ACTION ITEM: Please repeat, exactly and without pictures, the lines of the entries below that run from the one containing "Joanna Wrześniowska" through the one containing "มือเปิดประตูอันใน HINO FB-FM-KM".

MATERIAL FOR THE TASK:
--- START ---

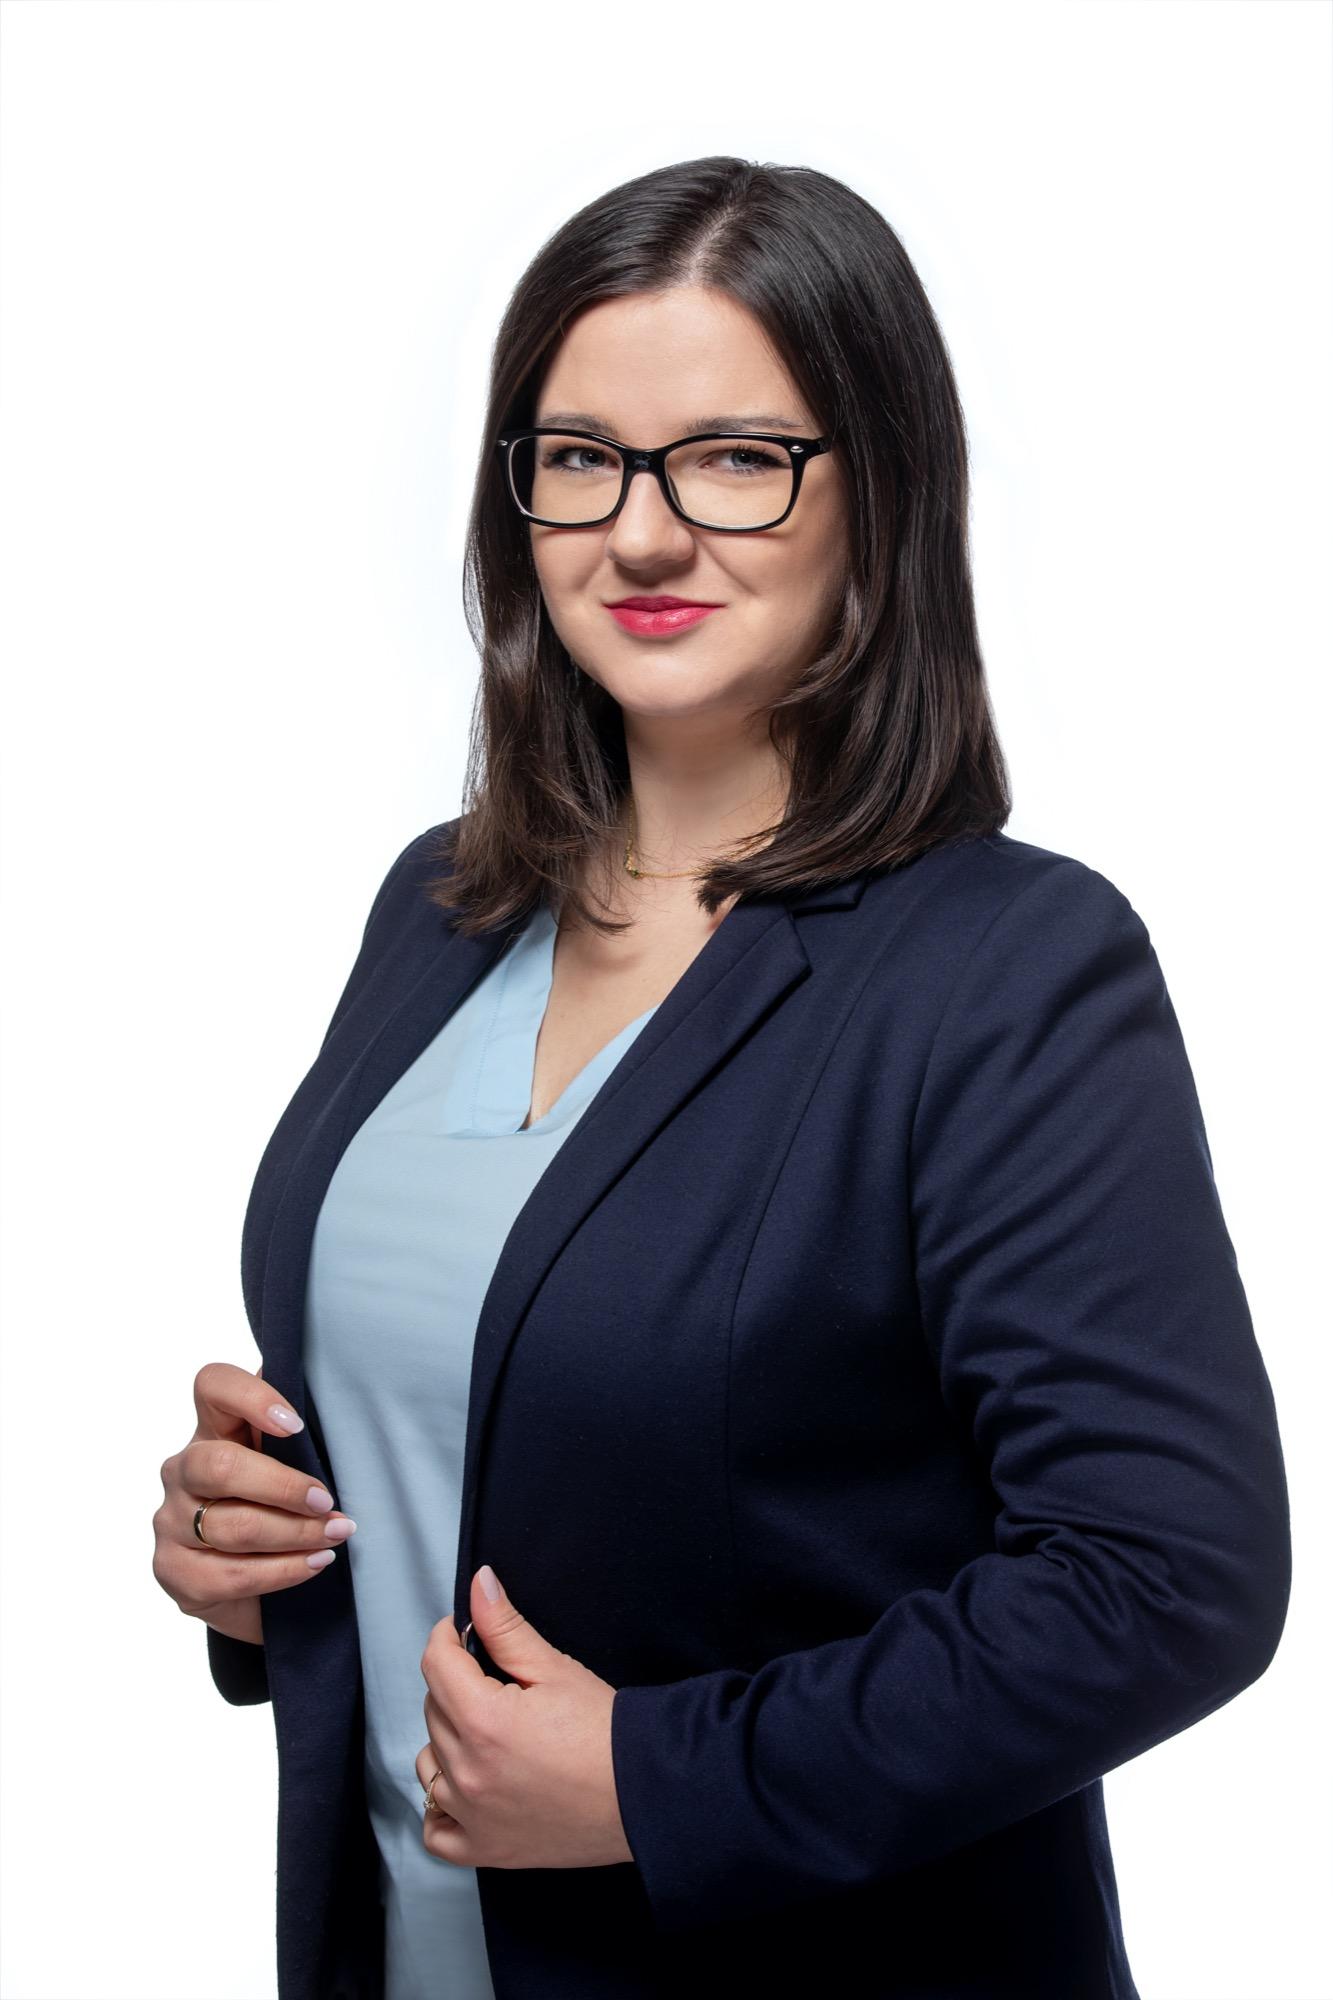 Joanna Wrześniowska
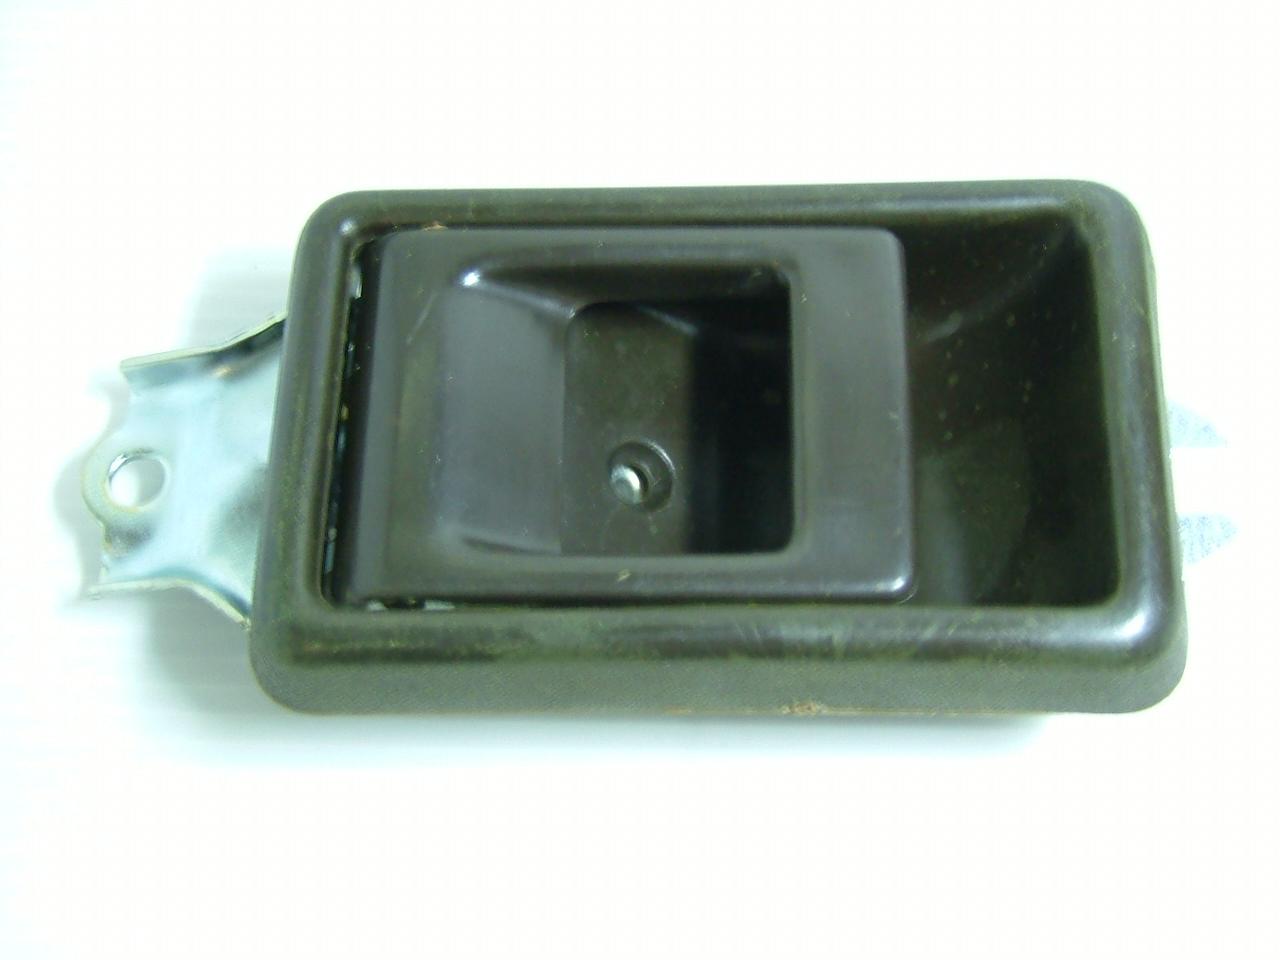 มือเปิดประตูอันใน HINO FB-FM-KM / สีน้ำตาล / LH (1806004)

--- END ---
--- START ---

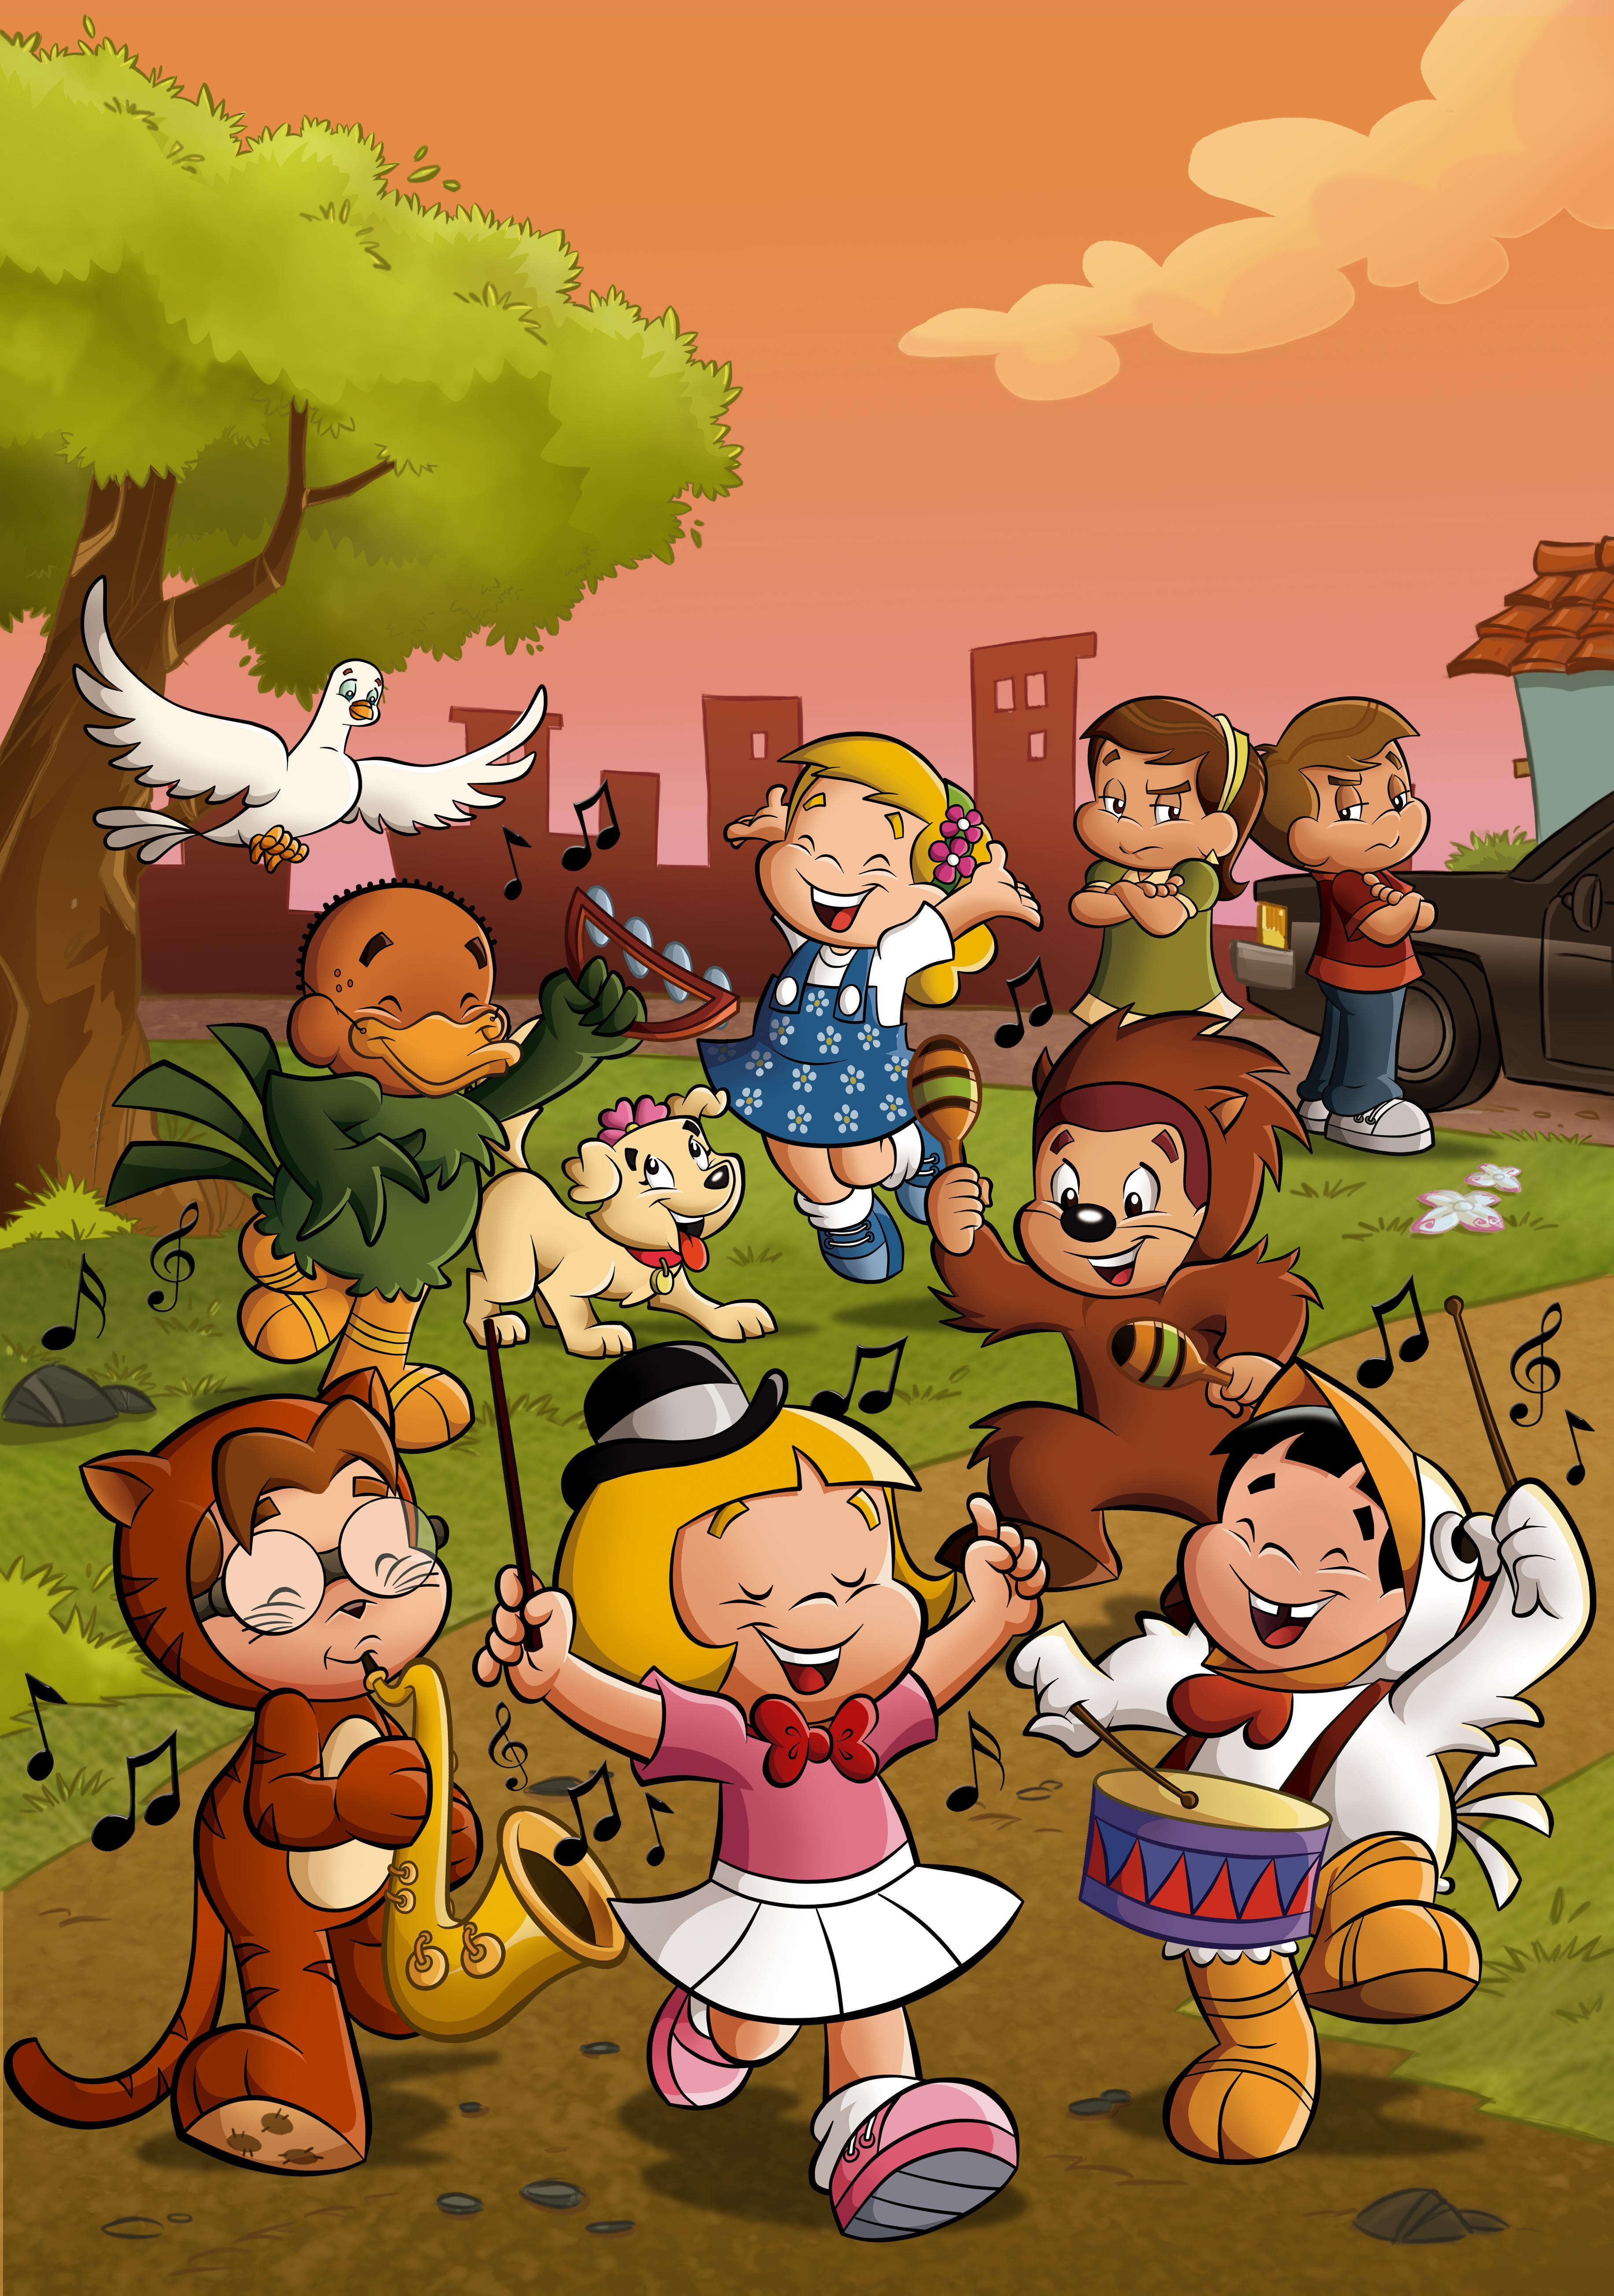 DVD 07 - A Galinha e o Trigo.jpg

--- END ---

TASK RESPONSE:
 Joanna Wrześniowska
 มือเปิดประตูอันใน HINO FB-FM-KM / สีน้ำตาล / LH (1806004)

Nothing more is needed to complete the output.